Decent work for Labor Day

By: Katherine Marshall

September 8, 2010

Jobs and spirituality rarely occur in the same phrase, yet few states are as soul-destroying as unemployment and for many of us, our work vocation is central to life's purpose and direction. Thus the notion of "decent work," a central mantra of the International Labour Organisation (ILO), has both practical and strongly ethical dimensions. ILO's definition is, after all, an international standard that is supposed to reflect our common ideal.

Here's what "decent work" conveys: it "sums up the aspirations of people in their working lives - their aspirations for opportunity and income; rights, voice and recognition; family stability and personal development; and fairness and gender equality.

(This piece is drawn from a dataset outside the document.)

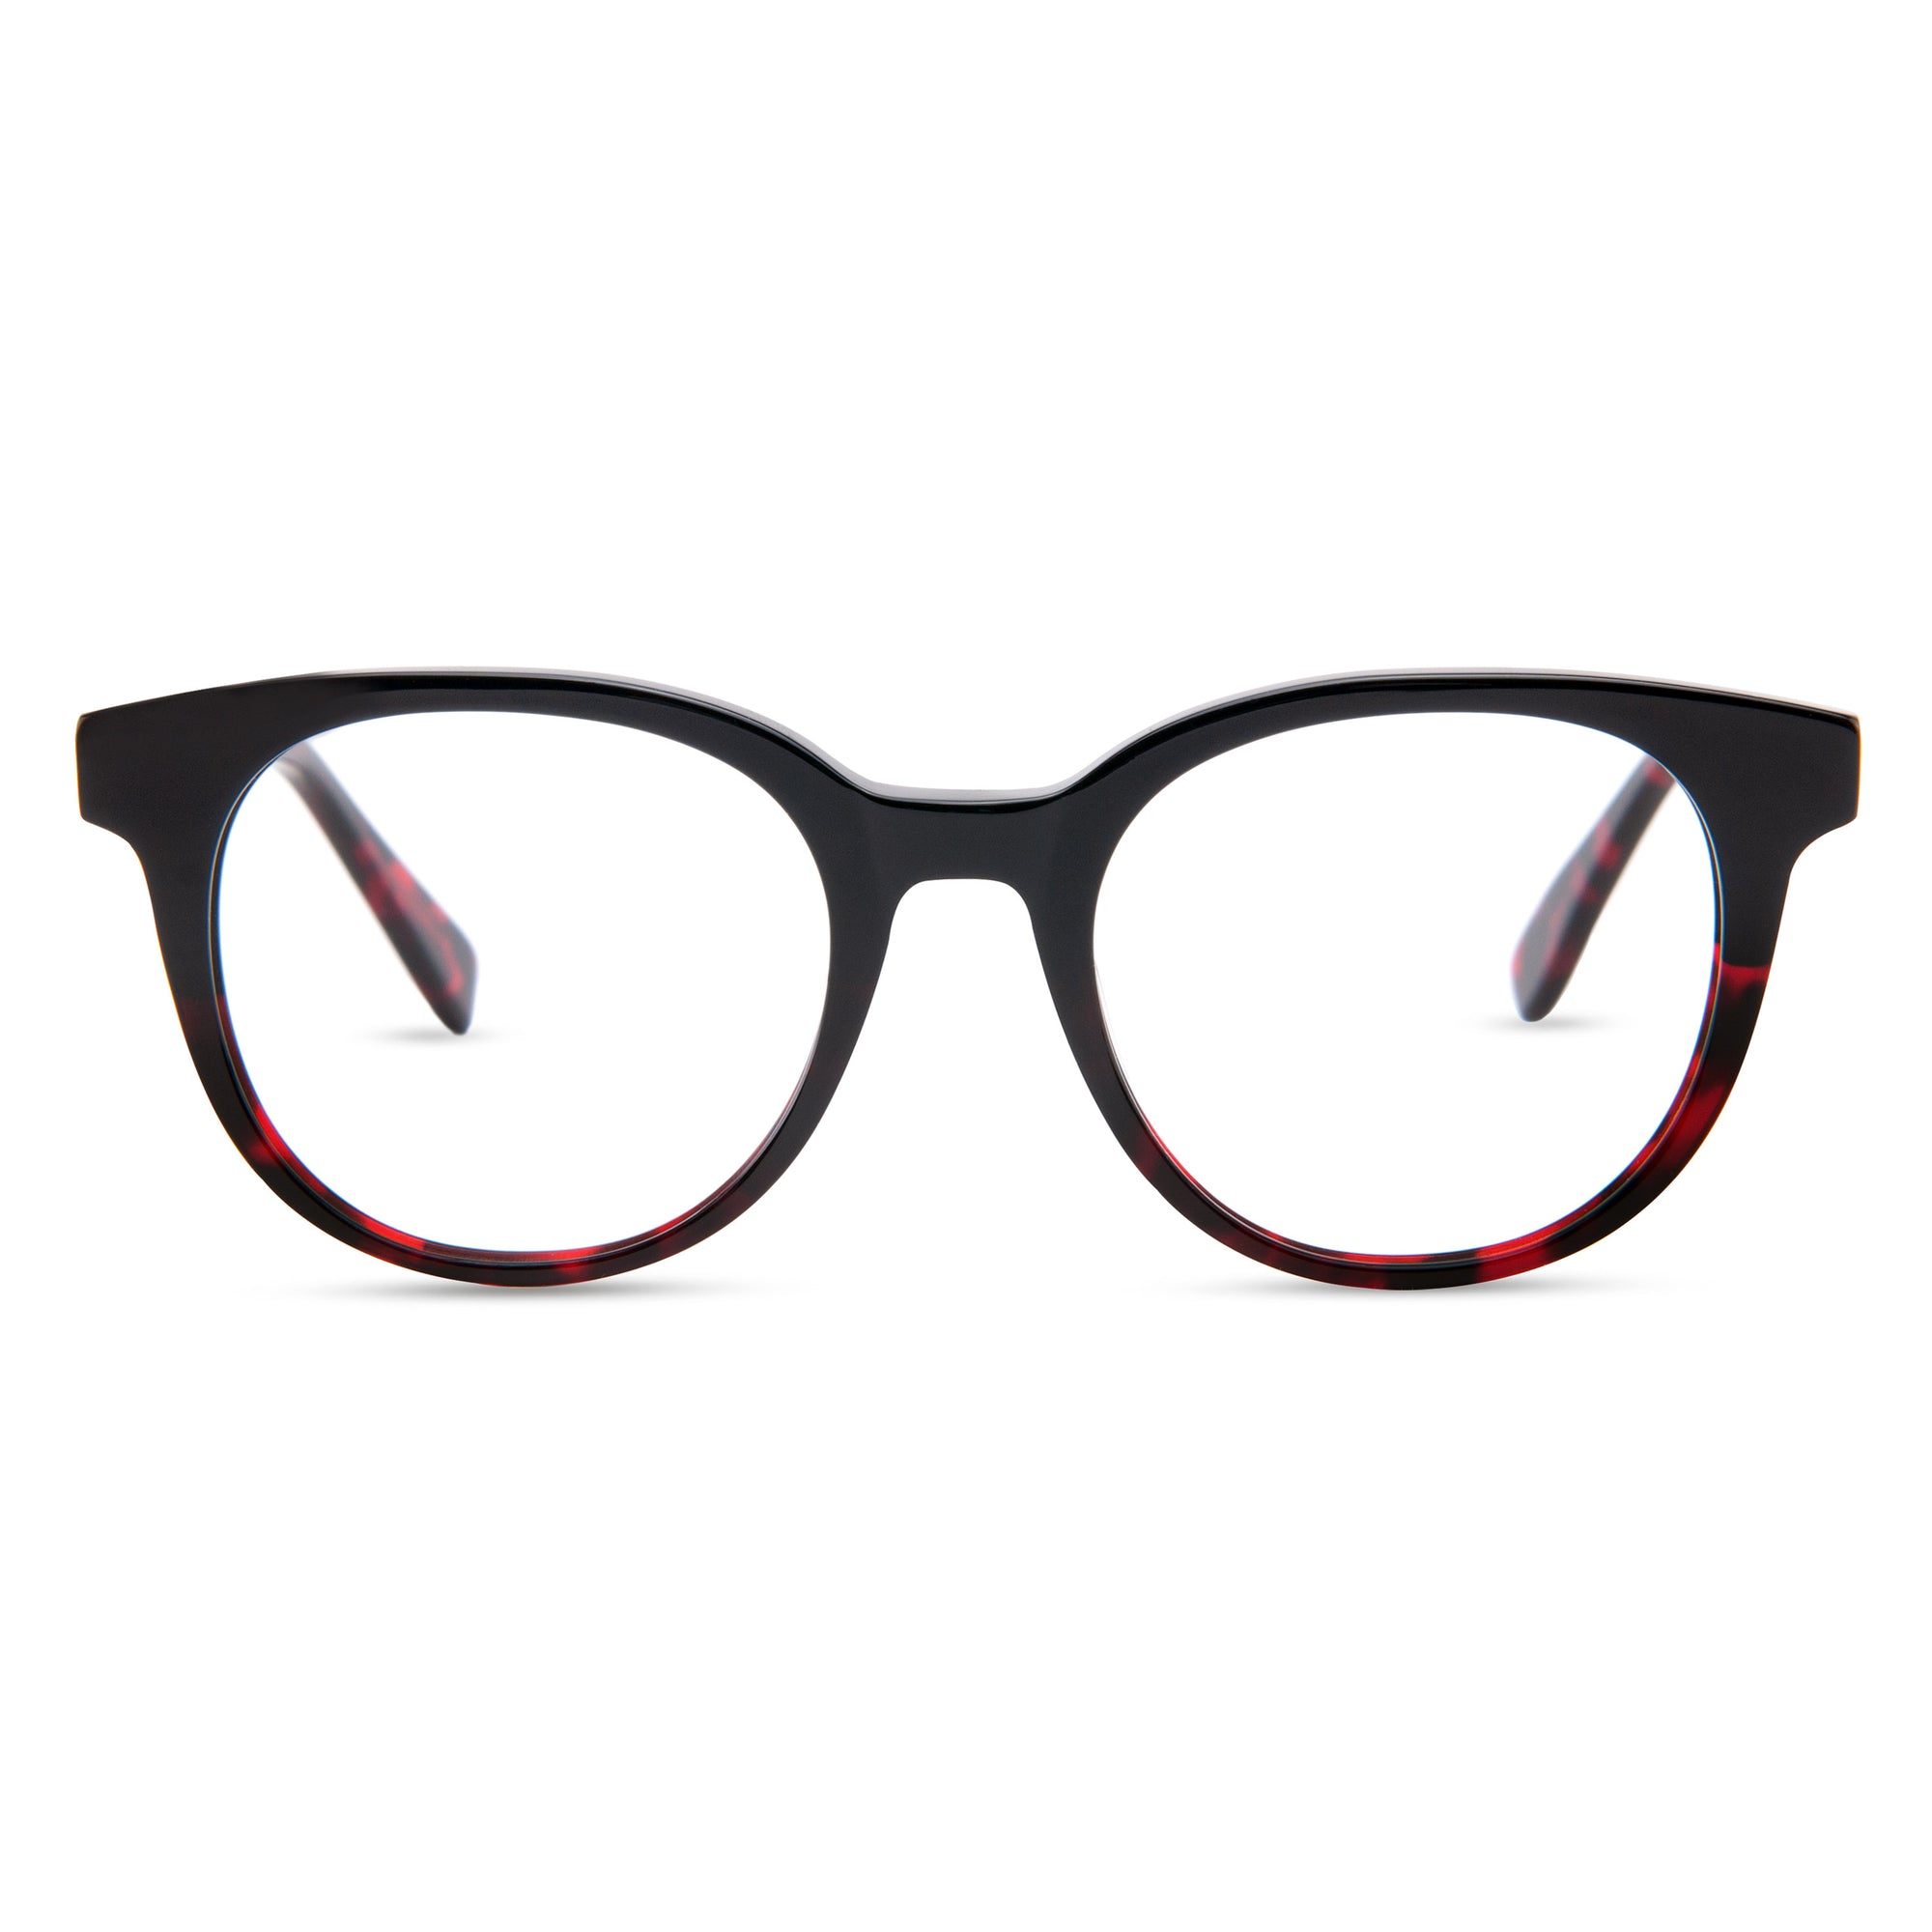 Las 9 mejores gafas anti luz azul para proteger tus ojos

Ultimately these various dimensions of decent work underpin peace in communities and society."

That's a long way from Dilbert-like images of jobs as demeaning, mind-numbing, game-playing confinement in cubicles. And it stands in jarring contrast to horror stories of abused domestic workers, some far away and some uncomfortably close to home. It sheds a new light on why we need to care about and act to change the realities facing migrant workers and bonded and child labor.

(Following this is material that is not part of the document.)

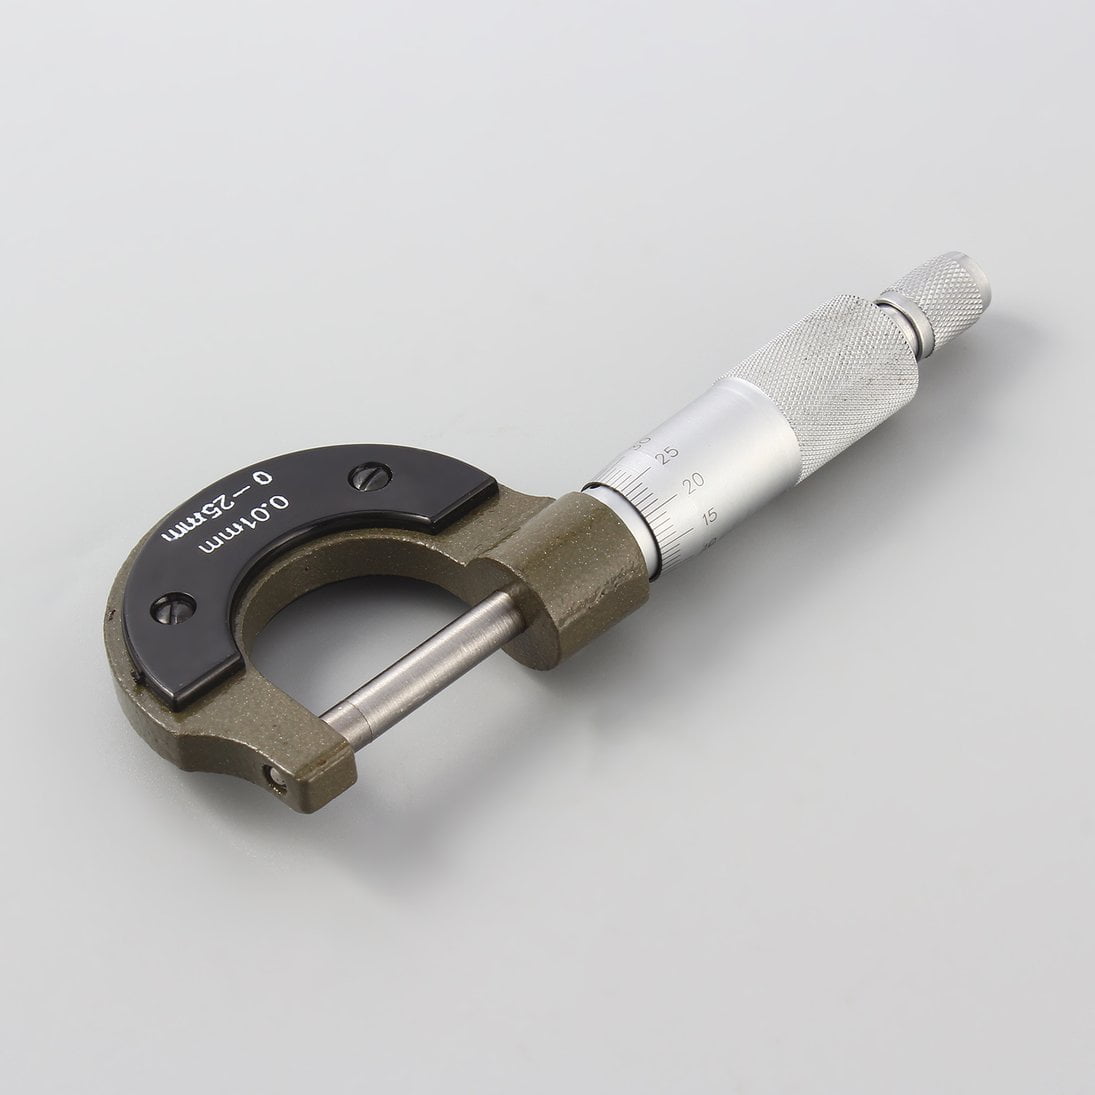 micrometer tool

Not all jobs are intrinsically fulfilling, yet with the growth of technology we can reasonably aspire to a far greater role for creativity in work. And there is no excuse, with the knowledge we have of labor conditions and with fervent leadership commitments to "decent work," to ignore what is wrong and to neglect the challenge of a "decent" society.

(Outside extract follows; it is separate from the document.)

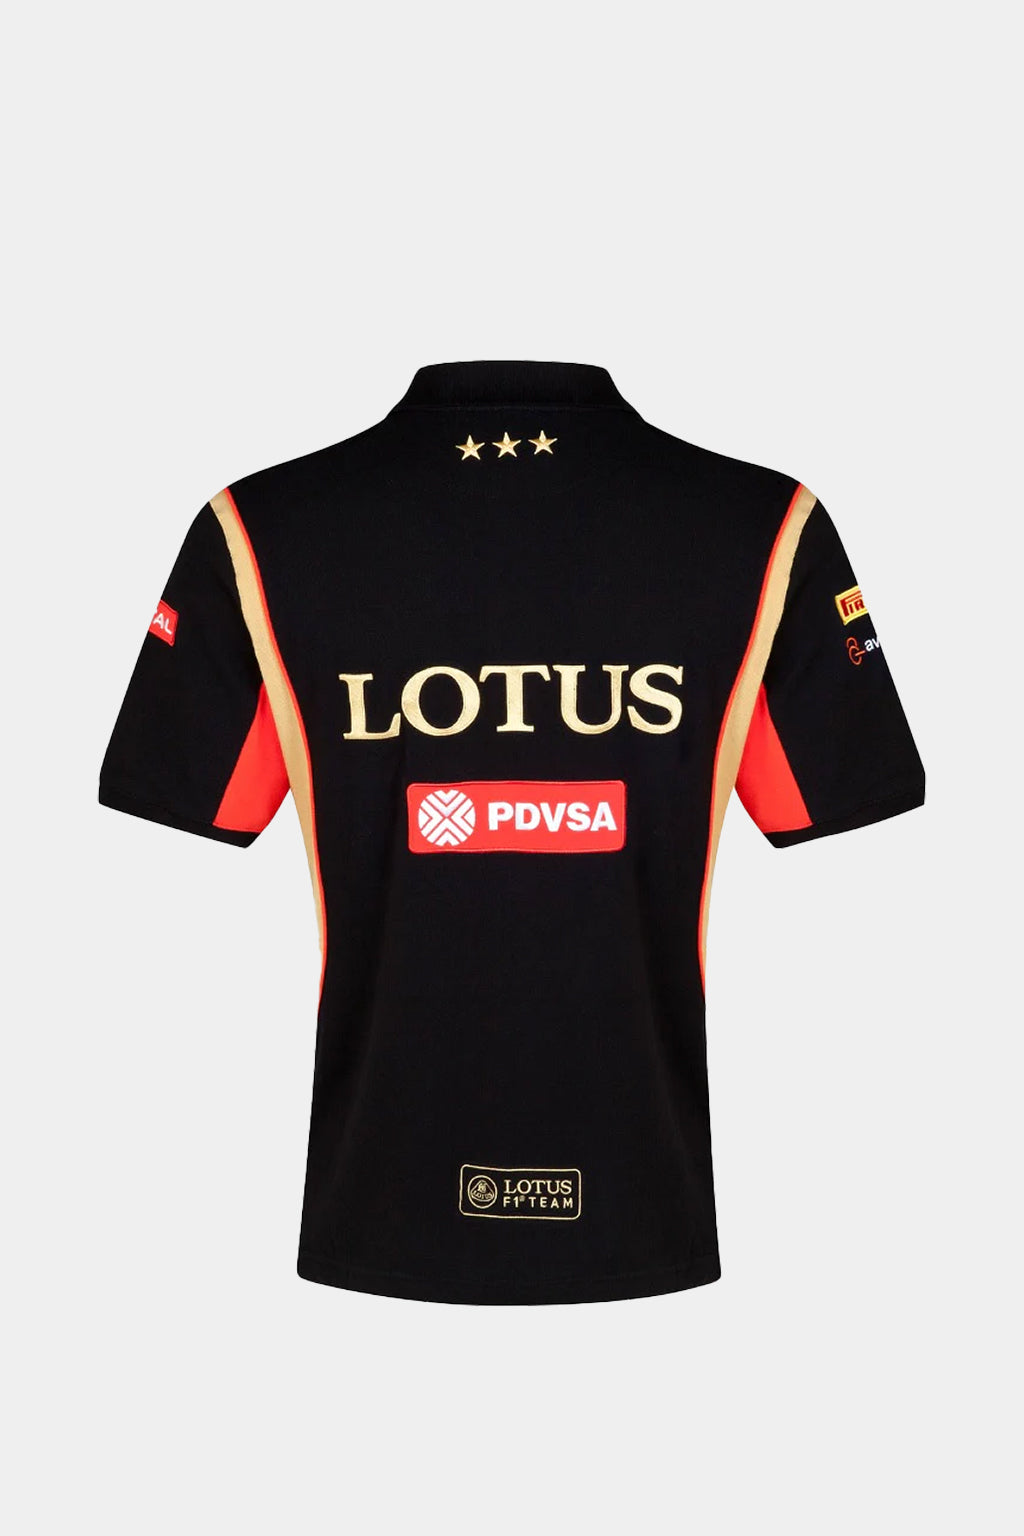 Lotus F1 Team Replica - Polo Shirt

There are countless spiritual dimensions of this challenge. Pope Benedict XVI in the Encyclical Caritas in Veritate highlights decent work. For him, "it means work that expresses the essential dignity of every man and woman in the context of their particular society: work that is freely chosen, effectively associating workers, both men and women, with the development of their community; work that enables the worker to be respected and free from any form of discrimination; work that makes it possible for families to meet their needs and provide schooling for their children, without the children themselves being forced into labour; work that permits the workers to organize themselves freely, and to make their voices heard; work that leaves enough room for rediscovering one's roots at a personal, familial and spiritual level; work that guarantees those who have retired a decent standard of living."

Ela Bhatt, the remarkable woman who founded SEWA, the India based Self-Employed Women's Association, recognizes how deeply work is part of self esteem. She ties her mission and the values that underlie it to Gandhian principles, above all to the notion of trusteeship, which is about a shared responsibility of employers, capitalists, governments, and those who labor.

In the process of organizing the most scorned of India's "informal" workers, she sees that women's self esteem grows as she "knows 'I can manage,' she knows that she is important, she knows her identity, that 'I am a worker.' She has a name, an address, a bank account number, an insurance policy, a pension plan. She has learned who the exploiting forces are. She is more aware that poverty is not destiny: that she does not have to accept that as her destiny. You see that transformation all the time. The macro forces change, but what the women have gained is self esteem, a sense of mutuality that is strength giving."

Happiness, argues Ela Bhatt, is when you do something on your own, when you do things and you understand why and how. When people can be self-reliant, they are fiercely independent.

Far too many of our colleagues and compatriots face the stubborn reality of sticky joblessness that plagues America's economy and society. In much of the world, the situation is far far worse. Unemployment rates hover around 50 percent in too many societies and young people face bleak prospects of landing any job at all. Both in the United States and globally, working for decent jobs belongs at the very top of the agenda. As we work to tackle unemployment, in the United States and as part of international development strategies, we can and must work to create jobs but, at the same time, press forward in the mission of decent work for all.

That means economic growth and investment, of course. But it also means rethinking our notions of labor and work, raising standards, enhancing creativity, and above all restoring the core principles of dignity and respect.